На чудо не надивуется бобыль, а кошки сердце поскребывают: зачем проклинал родную землю.
Собрал бобыль урожай сам-тридцать; из пудовых снопов наколотил зерна, и муку смолол, и замесил из первого хлеба квашню, и лег подремать на лавке…
Ночь осенняя бушевала ледяным дождем, хлопали наотмашь ворота, выл в трубе ветер.
В полночь поднял бобыль голову и видит – валит из квашни дым.

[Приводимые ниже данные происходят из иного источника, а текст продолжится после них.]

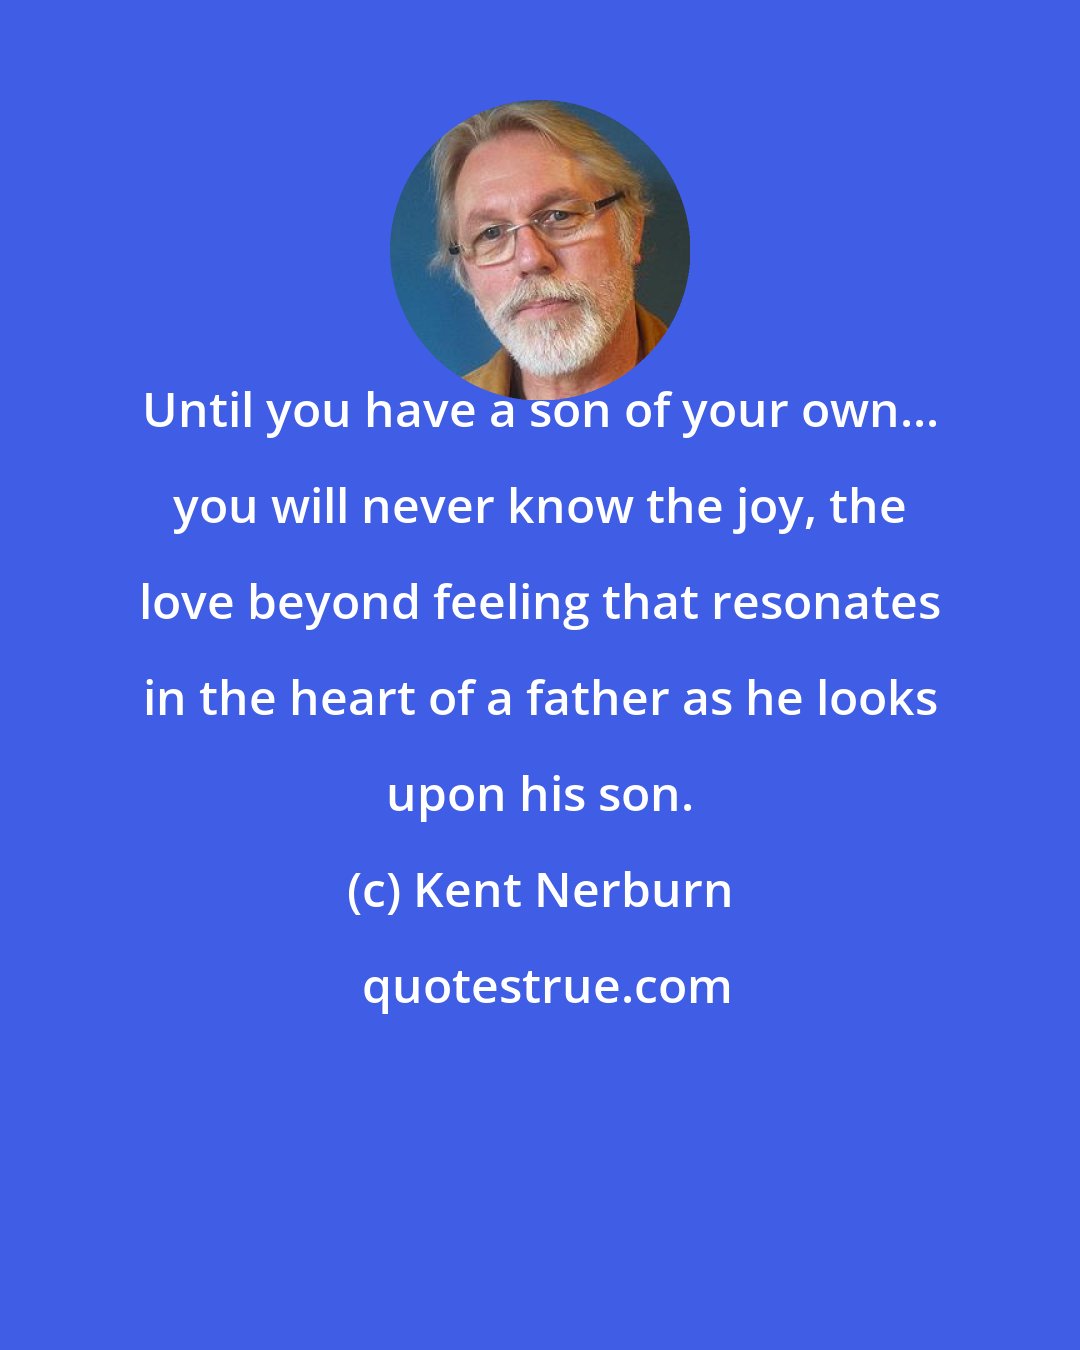 Kent Nerburn: Until you have a son of your own... you will never know the joy, the love beyond feeling that resonates in the heart of a father as he looks upon his son.

Надувшись, слетела покрышка, и поползло через края проклятое тесто, рассыпалось на полу землей…
Смекнул бобыль, что с мукой-то не ладно, повез мешки в город к старому пекарю…
Пекарю муку эту продал, деньги зашил в шапку; потом шапку распорол и деньги все пропил, и, когда домой собрался, не было у него ни денег и ни подводы, – один нос разбитый.

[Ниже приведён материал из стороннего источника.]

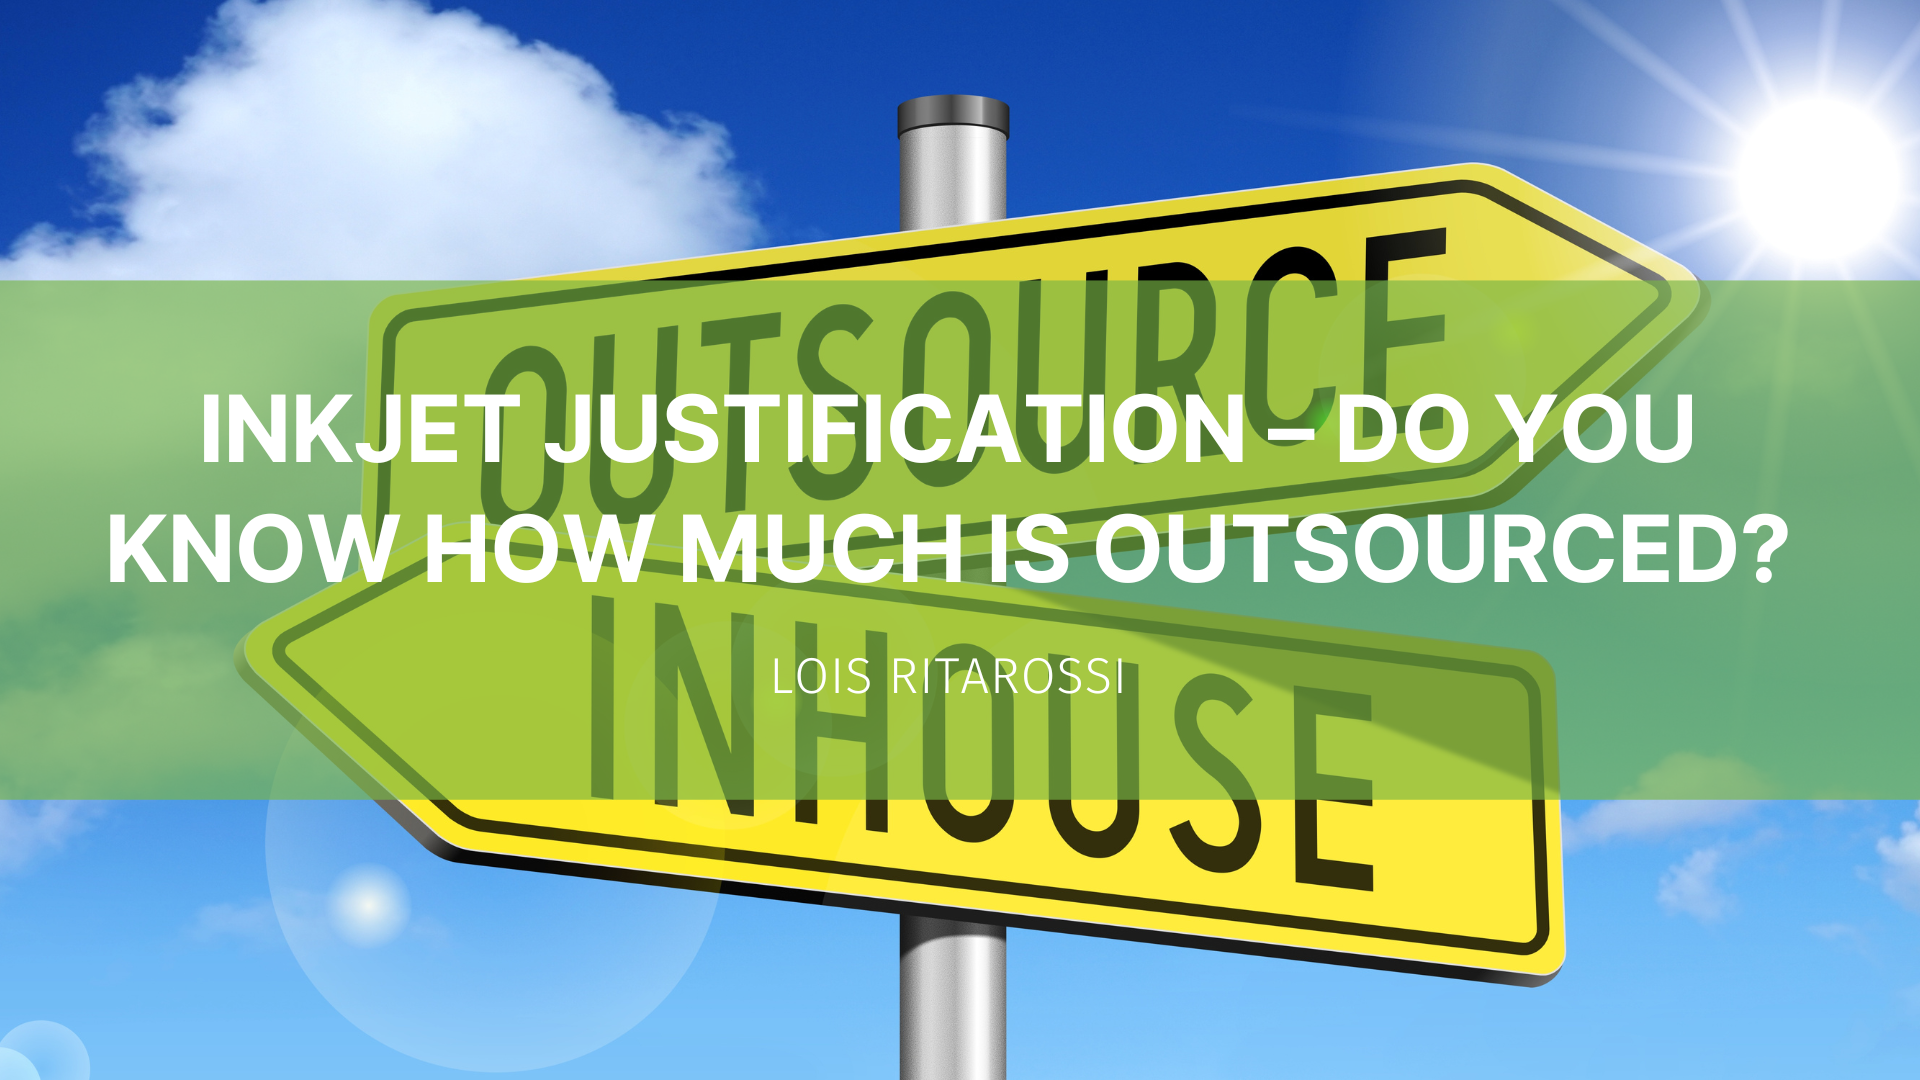 Featured image for “Inkjet justification – do you know how much is outsourced?”

Пекарь в то же время замесил из бобылевой муки кренделя, поставил в печь и когда пришло время, – вытащил на лопате не подрумяненные кренделя, а такие завитуши и шевырюшки, что тут же обеспамятел и послал жену к дворянину продать муку за сколько даст.
Дворянин сидел в саду, одной рукой держал наливное яблочко, другой писал записки. – Что тебе, милая? – сказал дворянин тонким голосом и прищурился.
– Насчет пшеничной муки, – сказала пекарева жена, – старик-то мой больно плох…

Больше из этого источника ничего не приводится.